__What to do__: The answer must be only the lines below from the one holding "Kosta Boda art hotel room" down to the one holding "Ланг Ланг Lang", ends included, printed exactly; please omit all pictures.

__Exercise material__:
******

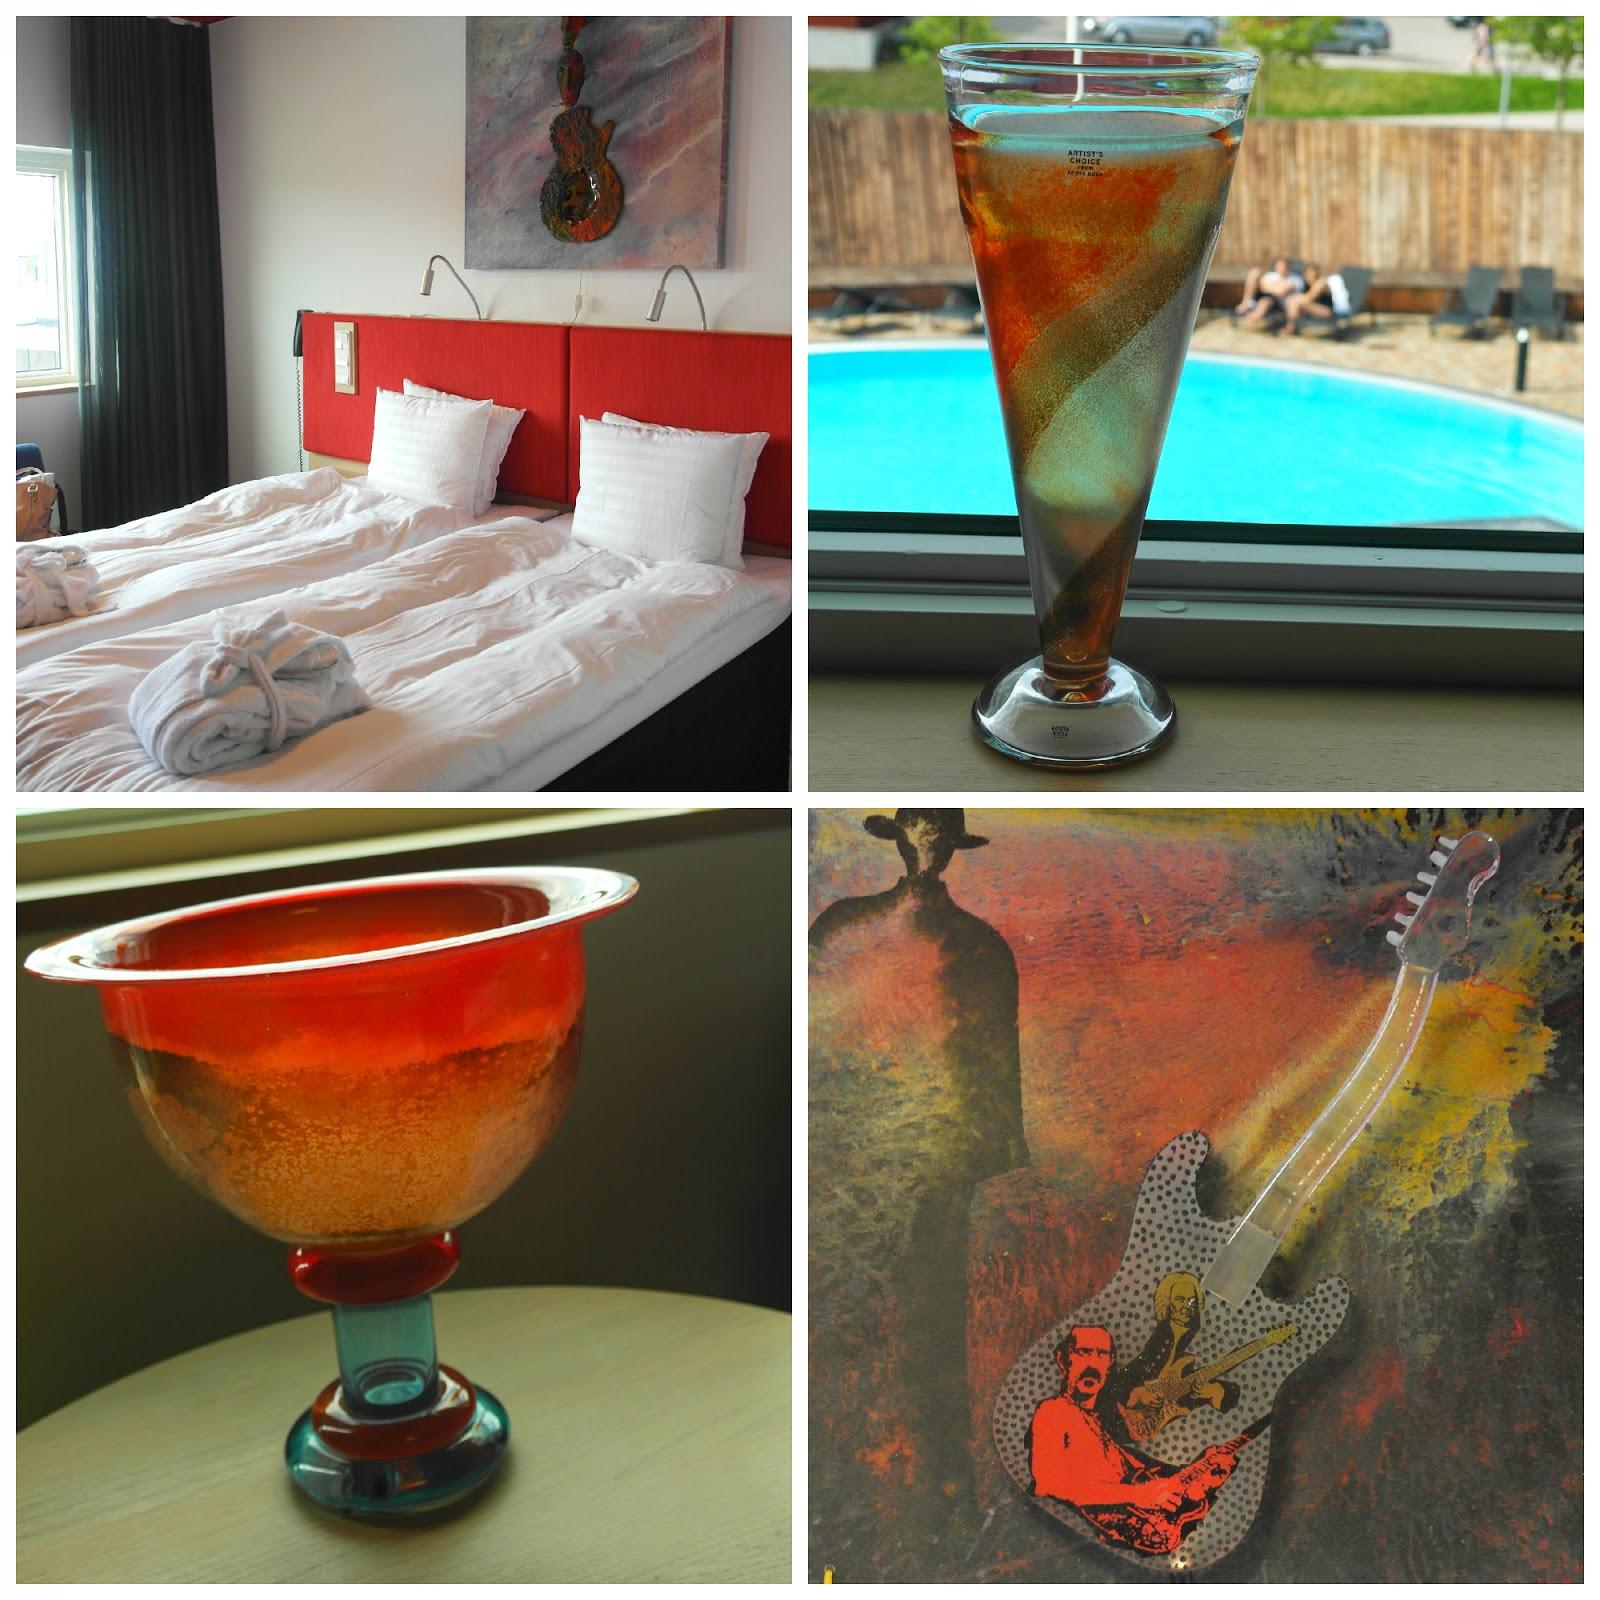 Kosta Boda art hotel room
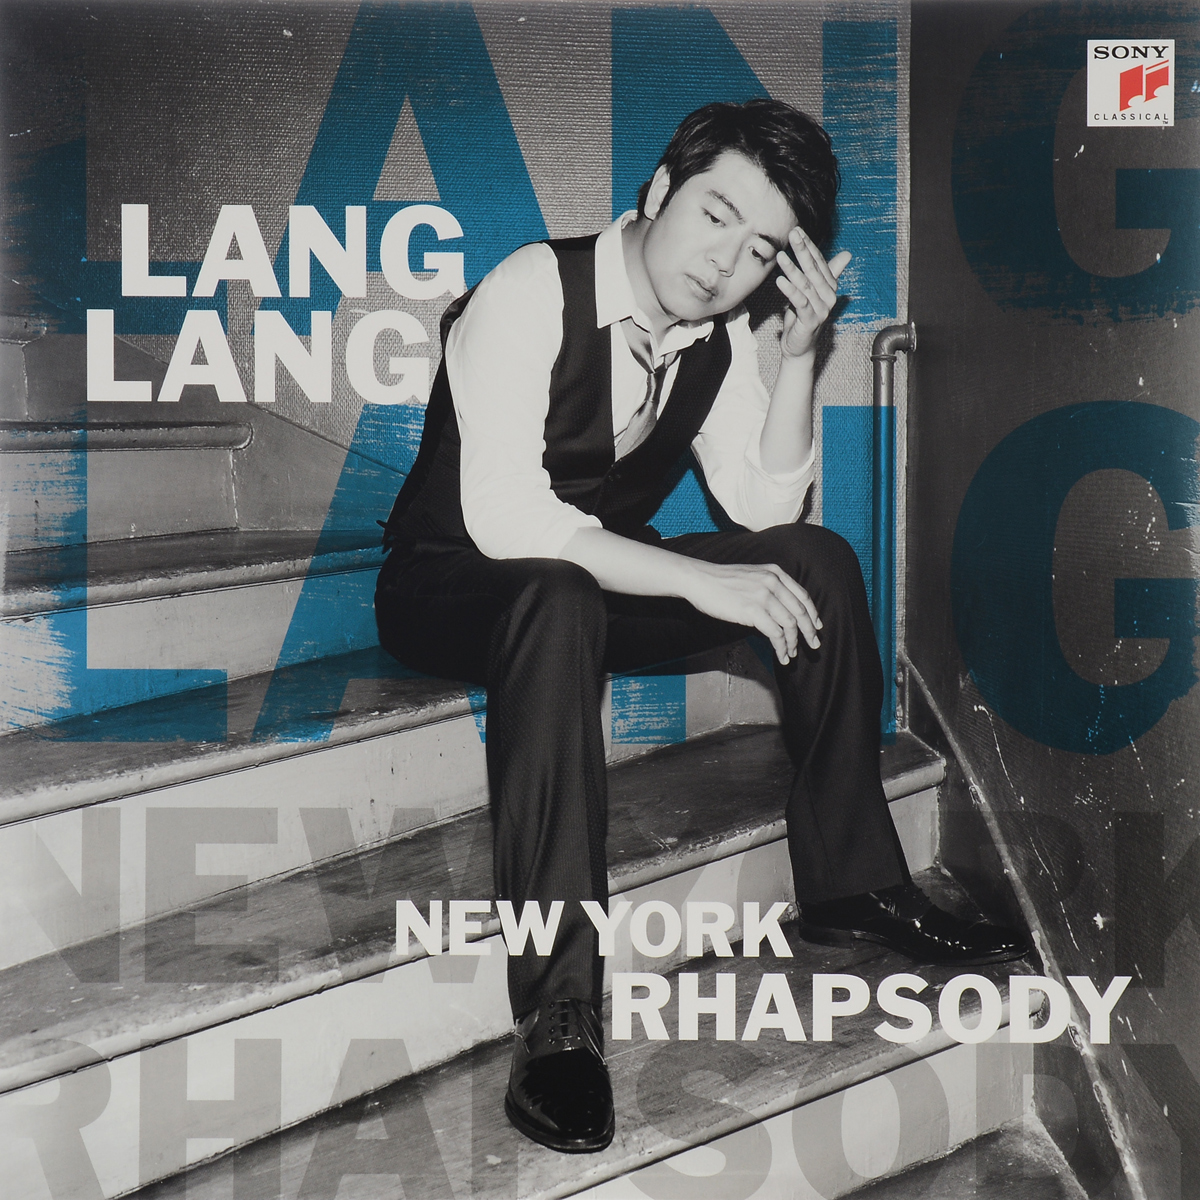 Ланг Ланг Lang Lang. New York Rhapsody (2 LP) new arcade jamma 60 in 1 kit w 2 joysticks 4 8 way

******

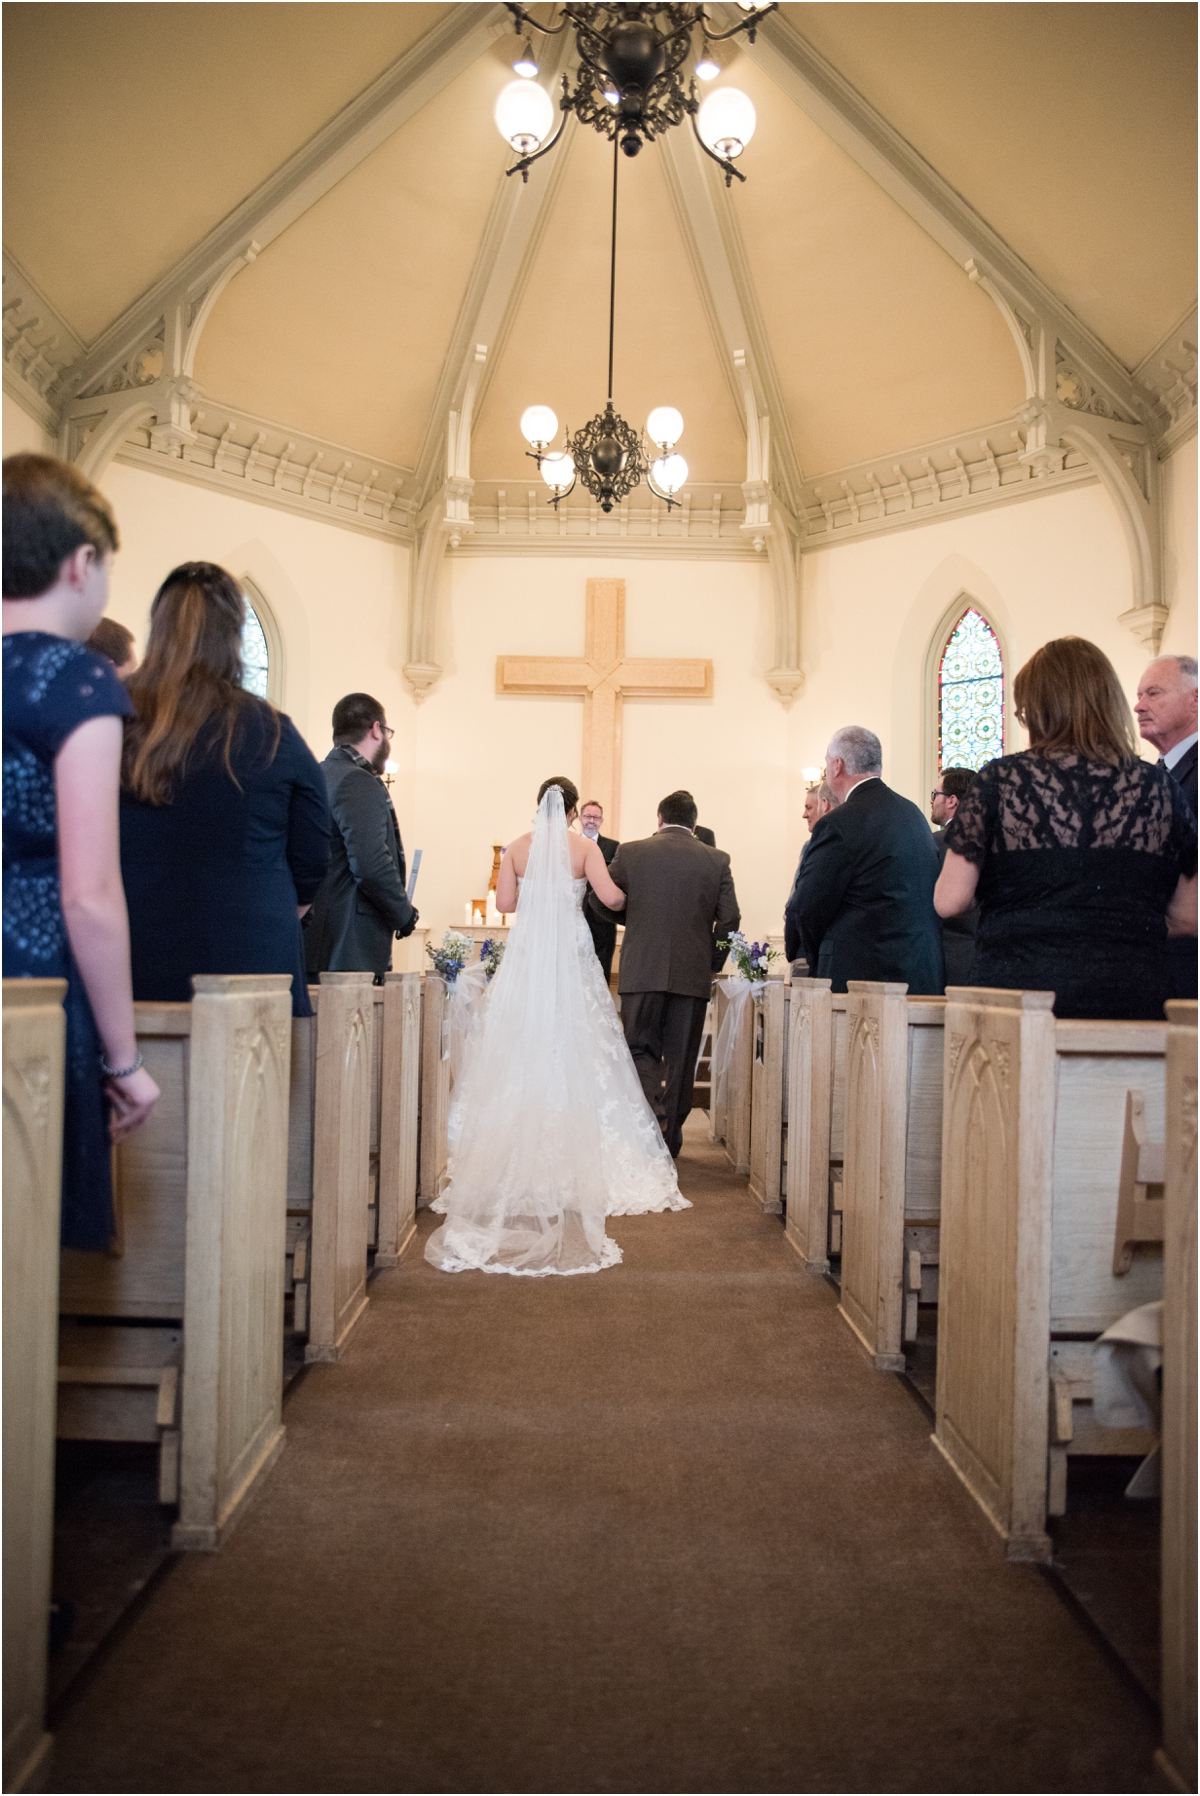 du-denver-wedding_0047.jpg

******

__Expected answer__:
 Kosta Boda art hotel room
 Ланг Ланг Lang Lang. New York Rhapsody (2 LP) new arcade jamma 60 in 1 kit w 2 joysticks 4 8 way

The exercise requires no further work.